The best examples of chi-square test examples in genetics

When instructors talk about examples of chi-square test examples in genetics, they almost always start with Mendel’s peas. There’s a good reason: the predictions are clean, the math is simple, and you can see exactly how expected and observed numbers line up.

Imagine a monohybrid cross: Yy × Yy for seed color, where Y = yellow (dominant) and y = green (recessive). Mendelian genetics predicts a 3:1 phenotypic ratio of yellow to green seeds.

Say you grow 160 seeds and observe:

• 118 yellow
• 42 green

Your hypothesis (H₀): the data follow a 3:1 ratio.

Expected counts under 3:1 for 160 seeds:

• Yellow: 160 × 3/4 = 120
• Green: 160 × 1/4 = 40

Now apply the chi-square formula:

χ² = Σ ( (Observed − Expected)² / Expected )

For yellow: (118 − 120)² / 120 = 4 / 120 ≈ 0.0333
For green: (42 − 40)² / 40 = 4 / 40 = 0.10

Total χ² ≈ 0.1333 with 1 degree of freedom (2 phenotypic classes − 1). The p-value is large (well above 0.05), so you fail to reject the Mendelian 3:1 model. This is one of the cleanest, best examples of chi-square test examples in genetics: it shows how small deviations from the expected ratio are usually just sampling variation.

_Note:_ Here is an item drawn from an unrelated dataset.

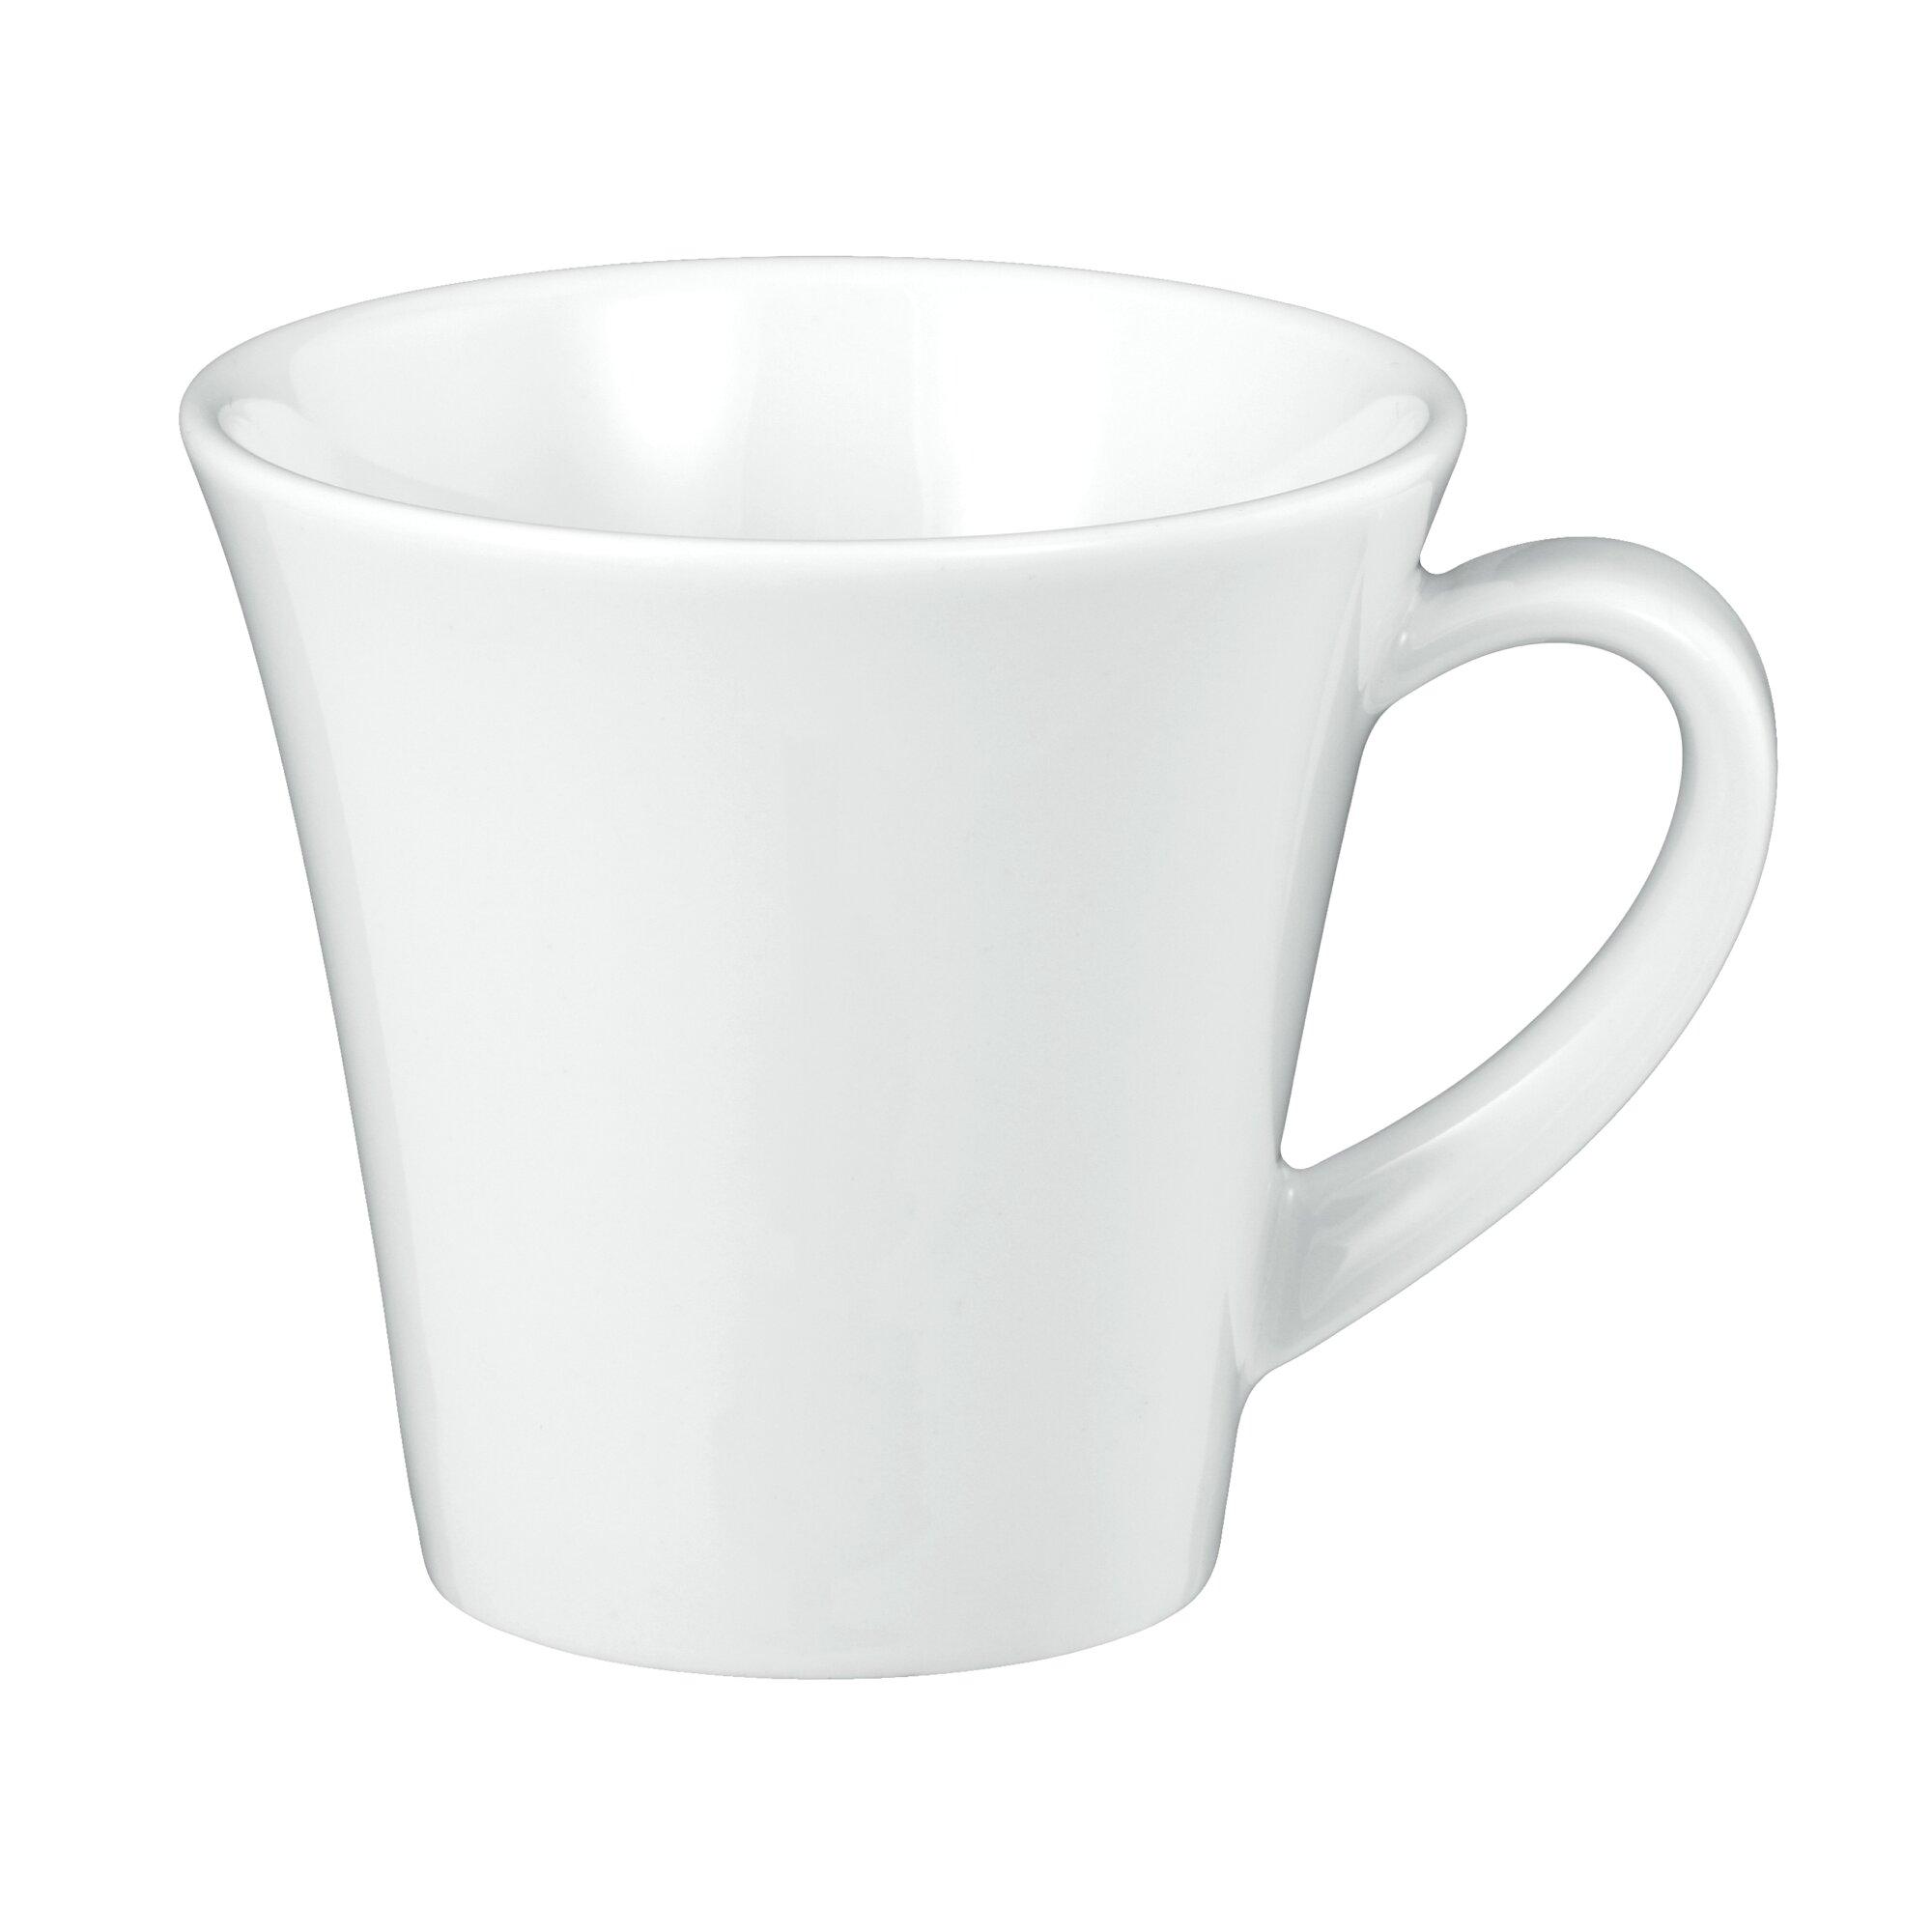 modern life 0 2l coffee cup wayfair uk. Black Bedroom Furniture Sets. Home Design Ideas

For background on Mendelian inheritance itself, see resources from the National Human Genome Research Institute (NHGRI).

Dihybrid cross: testing a 9:3:3:1 ratio with chi-square

If you want richer examples of chi-square test examples in genetics, move from one gene to two genes. Consider a classic dihybrid cross: YyRr × YyRr, where

• Y = yellow, y = green
• R = round, r = wrinkled

Mendel’s law of independent assortment predicts a 9:3:3:1 phenotypic ratio:

• 9 yellow round
• 3 yellow wrinkled
• 3 green round
• 1 green wrinkled

Suppose you collect 320 seeds and observe:

• Yellow round: 180
• Yellow wrinkled: 82
• Green round: 46
• Green wrinkled: 12

Expected counts for 320 seeds:

• 9/16 × 320 = 180
• 3/16 × 320 = 60
• 3/16 × 320 = 60
• 1/16 × 320 = 20

Now calculate χ²:

• Yellow round: (180 − 180)² / 180 = 0
• Yellow wrinkled: (82 − 60)² / 60 = 484 / 60 ≈ 8.07
• Green round: (46 − 60)² / 60 = 196 / 60 ≈ 3.27
• Green wrinkled: (12 − 20)² / 20 = 64 / 20 = 3.2

Total χ² ≈ 14.54 with 3 degrees of freedom (4 classes − 1).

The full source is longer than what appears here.